Thanks @SeyhmusGüngören. Does that mean I then cannot compute the expected value above? –  user20721 Feb 11 '13 at 17:16
    
I think there is a problem here. small $y$ can not be a random variable and at the same time the parameter of a probability as you described. It is like asking what is the probability of a random variable? what is that? –  Seyhmus Güngören Feb 11 '13 at 17:24
    
@SeyhmusGüngören Typo on my part, thank you –  user20721 Feb 11 '13 at 17:31

1 Answer 1

up vote 1 down vote accepted

I dislike using the same notation for both a random variable and the argument to its density function or cumulative distribution function. Thus $F_X(x)=\Pr(X\le x)$, and the meanings of $X$ and $x$ are different. The lower-case $x$ can be any number, so for example $F_X(3)=\Pr(X\le3)$, etc. I think a good case can be made that certain notational usages ultimately make clear thinking easier. In particular, $f_Y(y)$ is not a random variable, but $f_Y(Y)$ is, and it looks as if that's what we've got here. So let's say $$ Y\mid\theta \sim N(\theta,1)\text{ and }\theta\sim N(0,\delta^2). $$

I take it $P(y\mid\theta)$ is supposed to be the conditional density of $Y$ given $\theta$ evaluated at $y$. I'll write $f_{Y\mid\theta}(y)$.

Everything you're asking about is conditional on the value of $\theta$ (or did I miss something?) so the distribution of $\theta$ doesn't matter at all; for the purposes of this problem it's not even a random variable. I don't know what a partial derivative with respect to a random variable would mean (except maybe a Radon--Nikodym derivative, but that has no relevance here).

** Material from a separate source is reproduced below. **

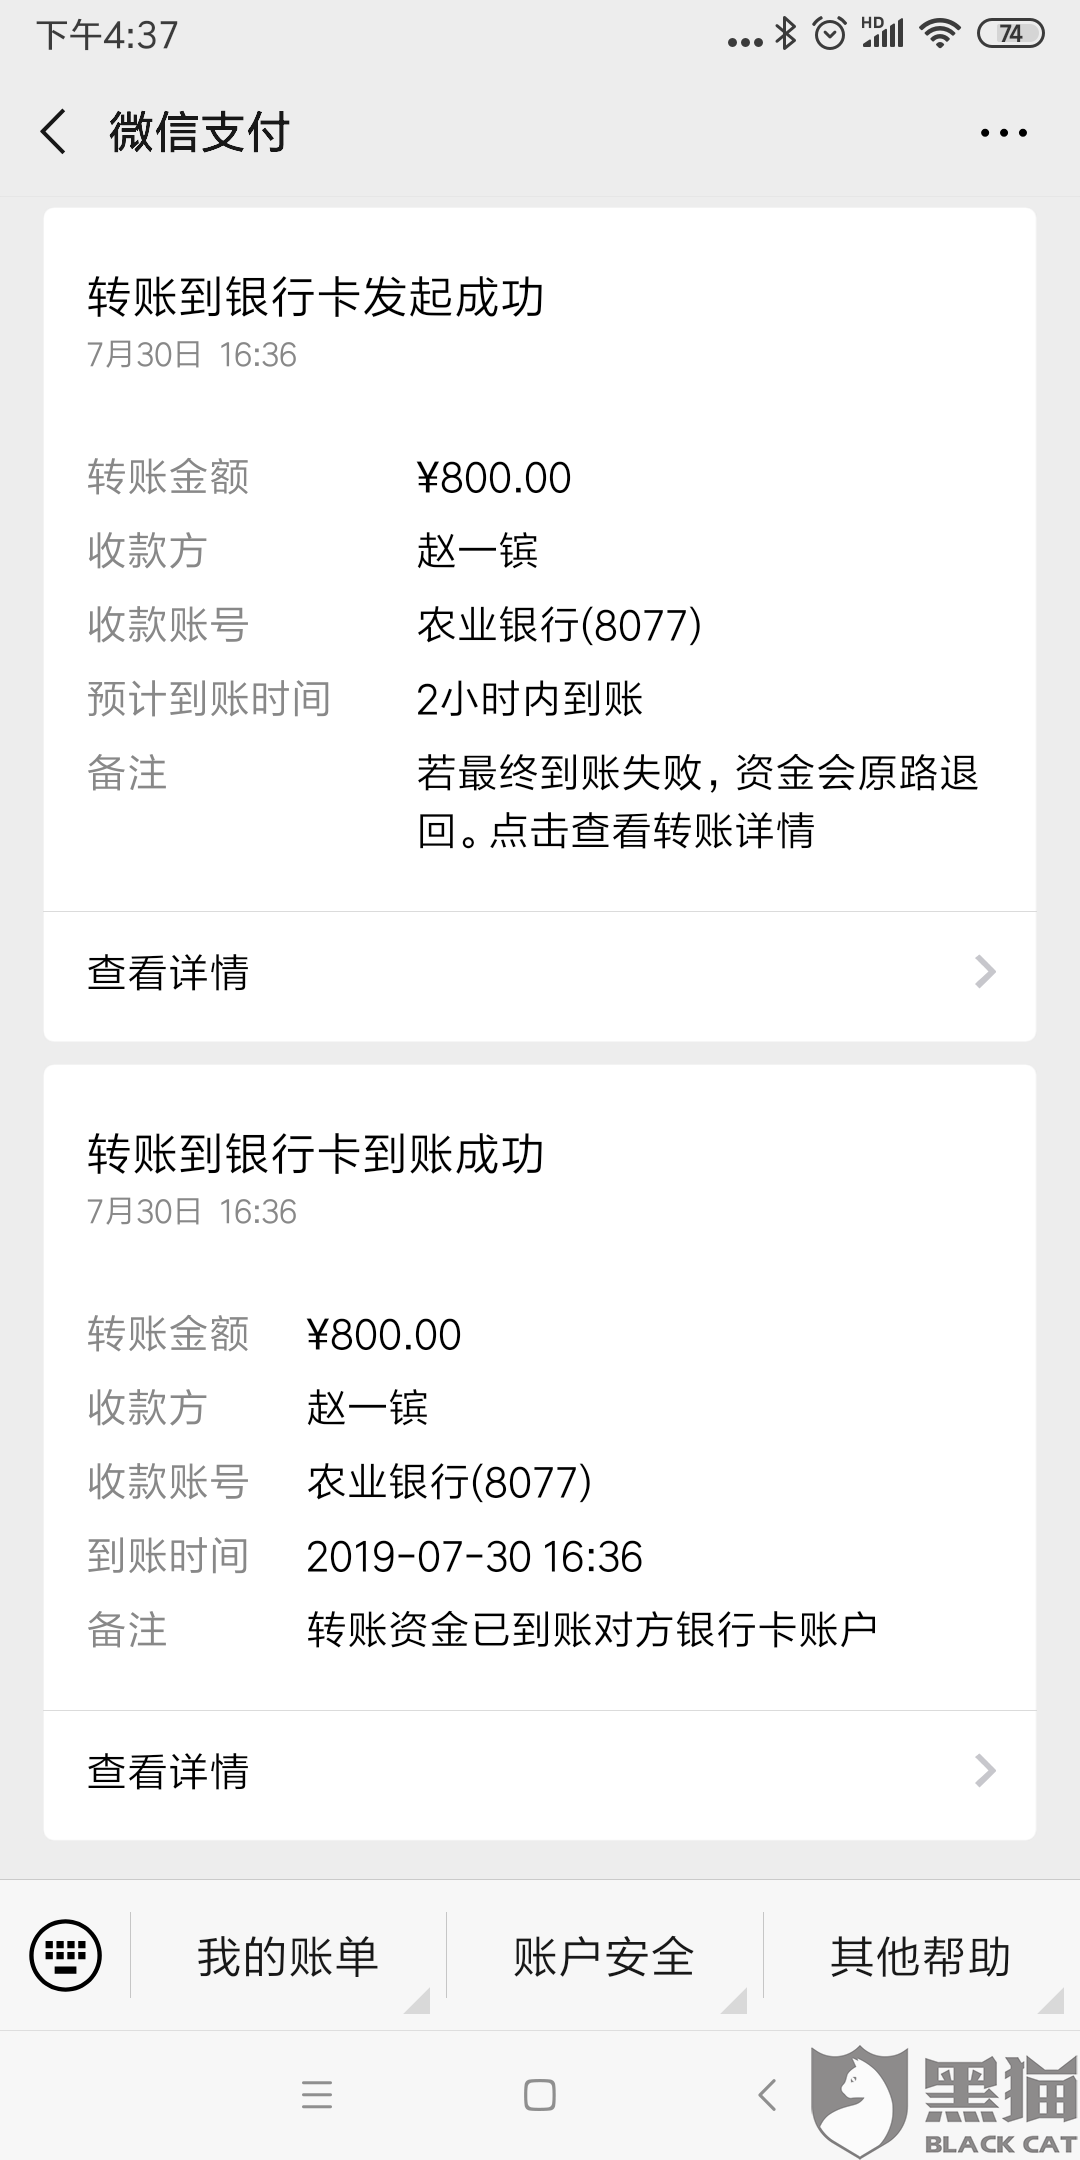 "匿名"投诉"北京微粒快贷有限公司假冒网商银行",要求退款

Now we have $$ \mathbb E\left[ -\frac{\partial^2}{\partial\theta^2} \ln f_{Y\mid \theta}(Y) \mid\theta \right]. $$ $$ = \mathbb E \left[ -\frac{\partial^2}{\partial\theta^2} \ln\left( \frac{1}{\sqrt{2\pi}} \exp\left( \frac{-(Y-\theta)^2}{2} \right) \right) \right] =\mathbb E\left[ -\frac{\partial^2}{\partial\theta^2}\left( \frac{-(Y-\theta)^2}{2} \right) \right]. $$ Then it appears you have the expected value of a constant.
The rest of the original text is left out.